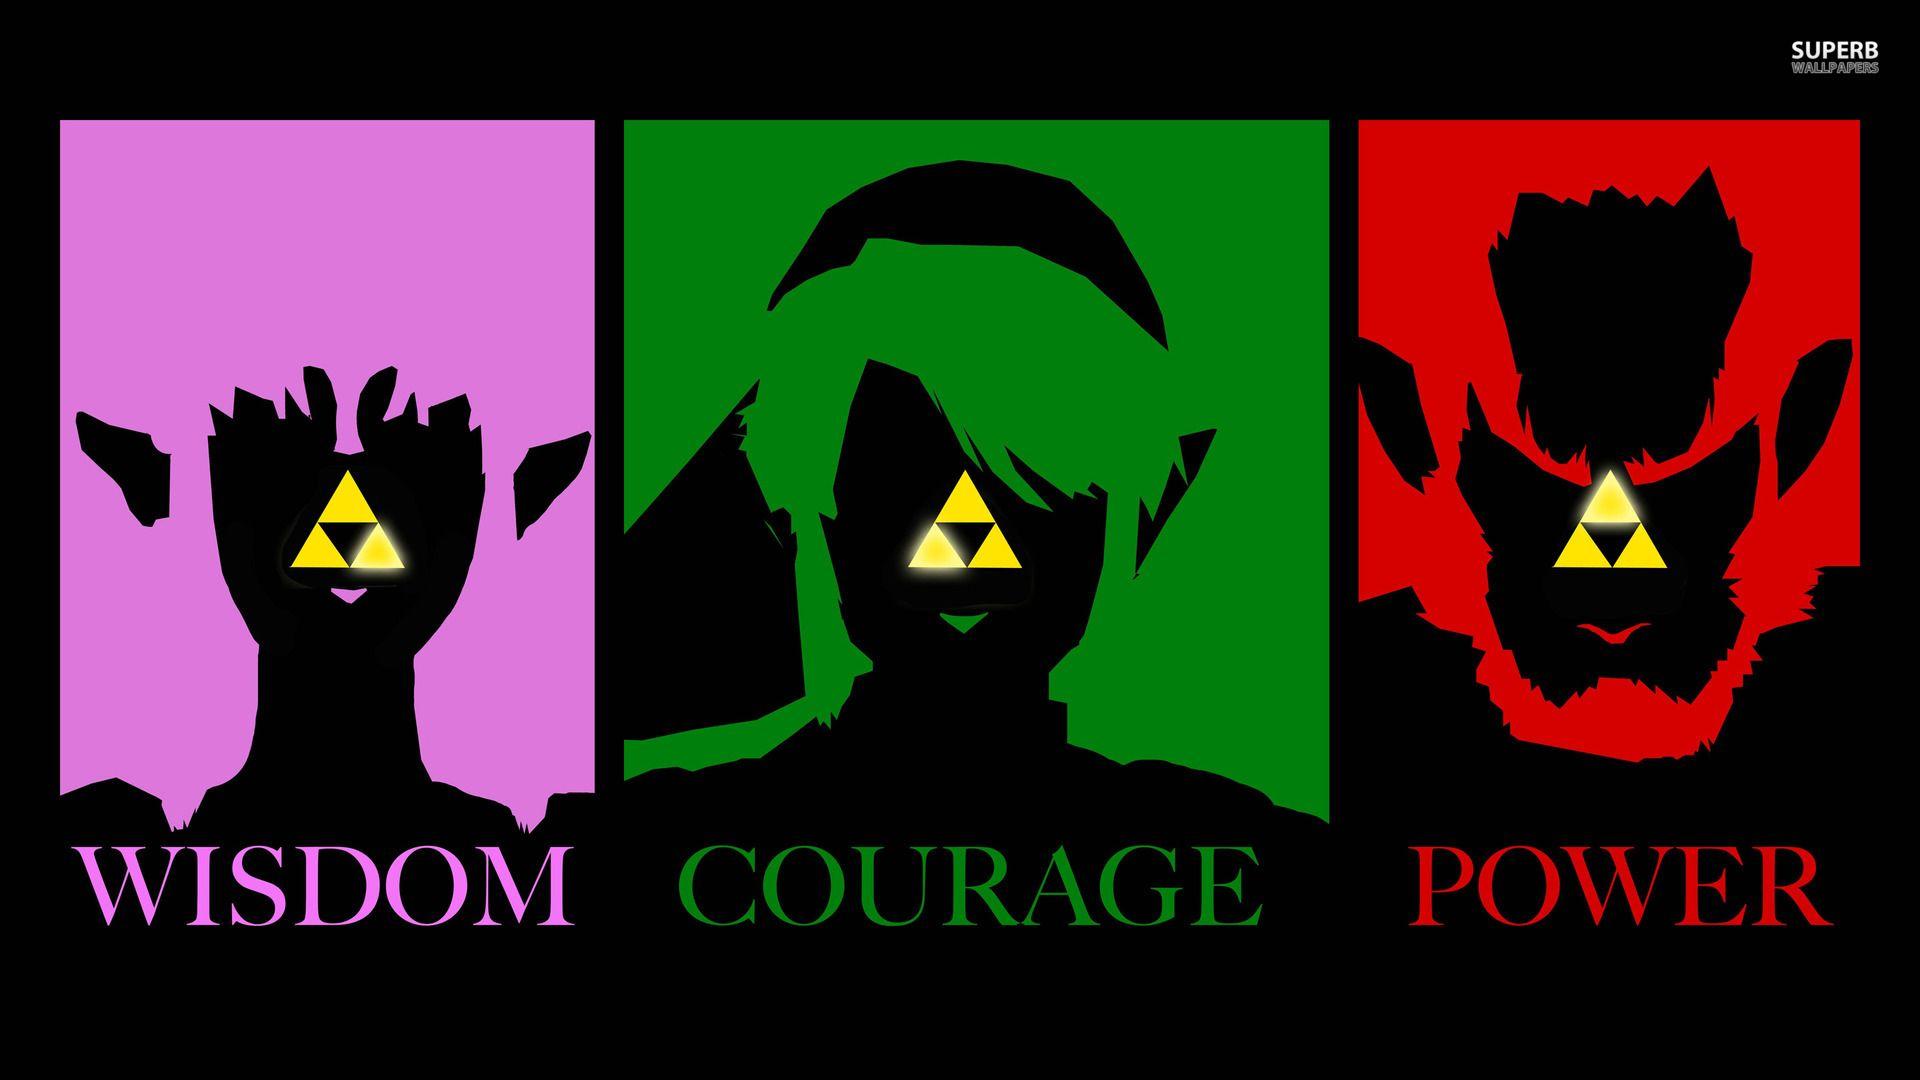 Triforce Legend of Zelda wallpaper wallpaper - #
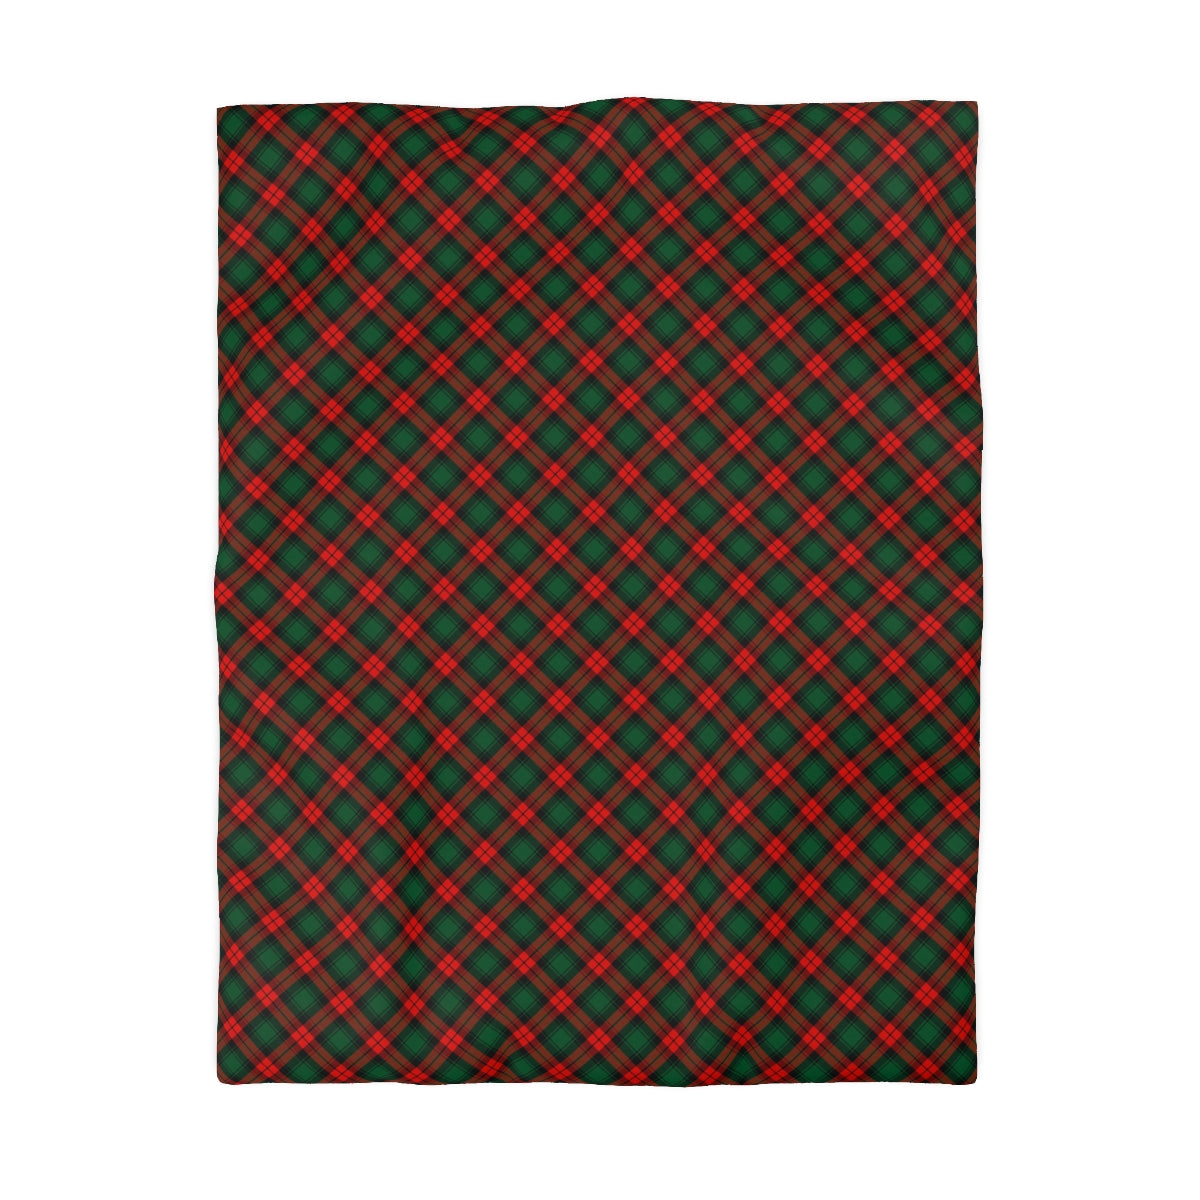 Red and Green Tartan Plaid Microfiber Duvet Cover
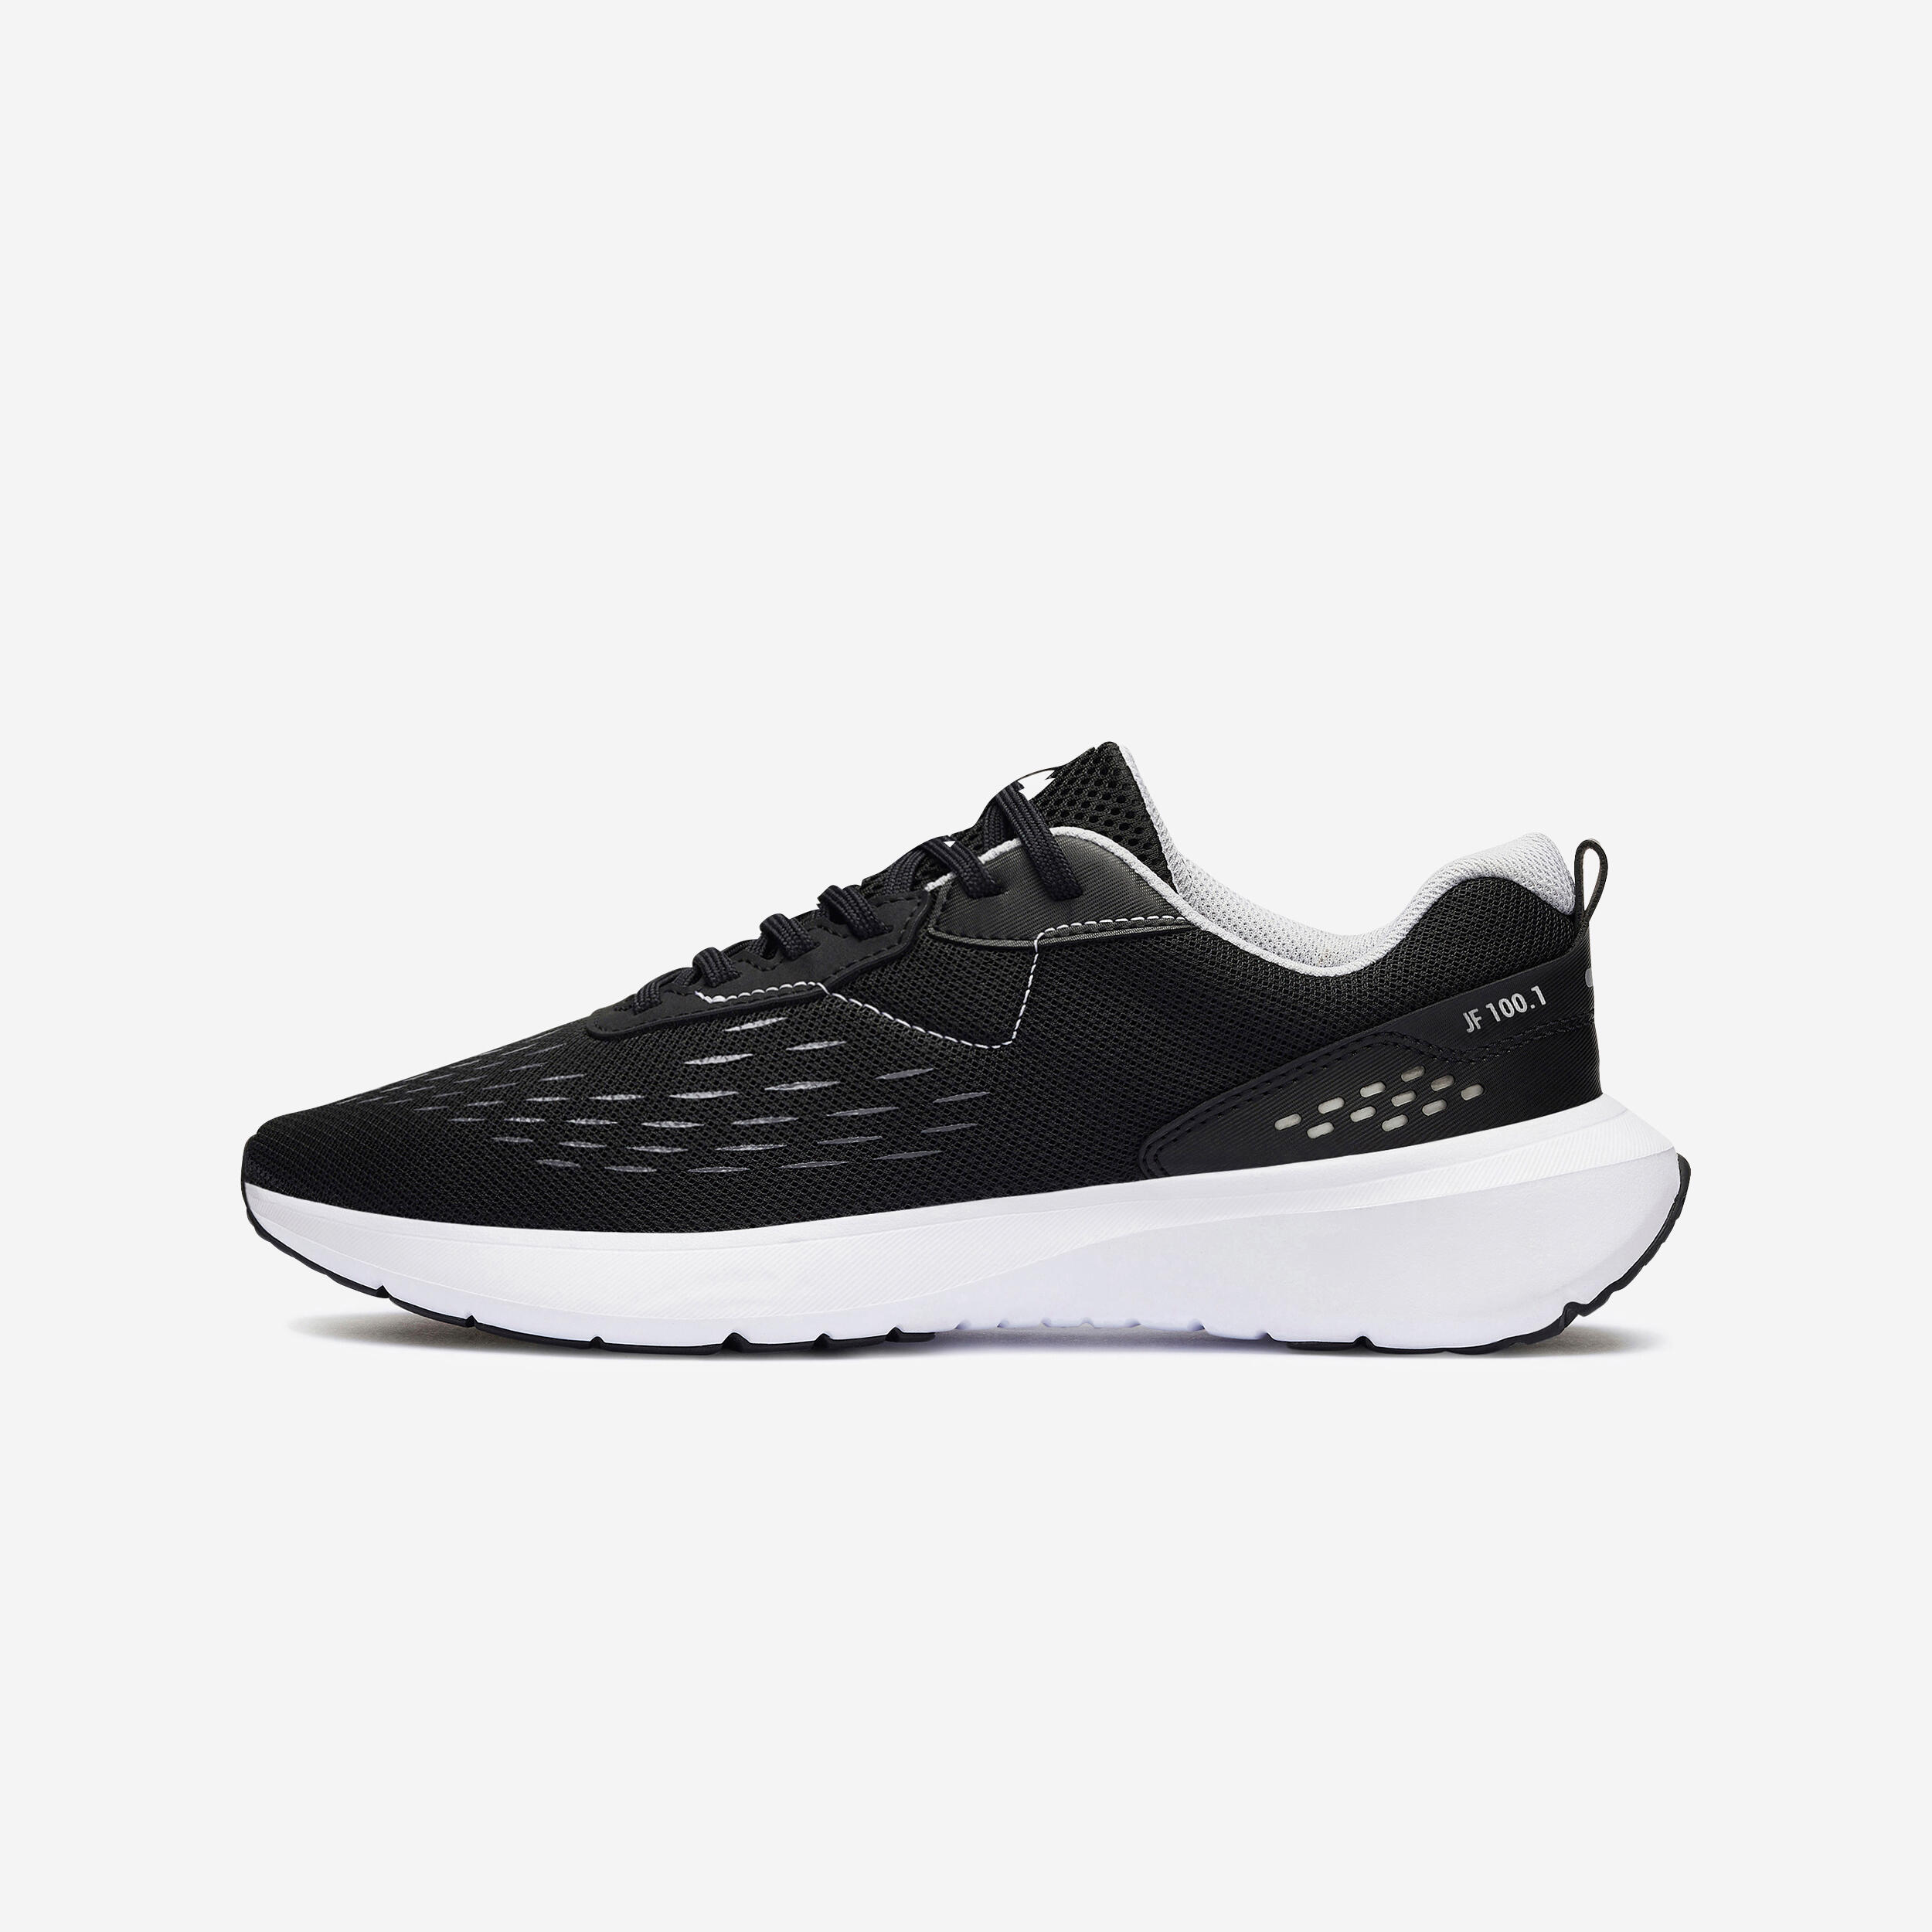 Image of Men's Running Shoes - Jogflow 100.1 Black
......
What to work on:
Print the material above once more, exactly, minus the pictures.

Result of this task:
 Triforce Legend of Zelda wallpaper wallpaper - #
 Red and Green Tartan Plaid Microfiber Duvet Cover
 Image of Men's Running Shoes - Jogflow 100.1 Black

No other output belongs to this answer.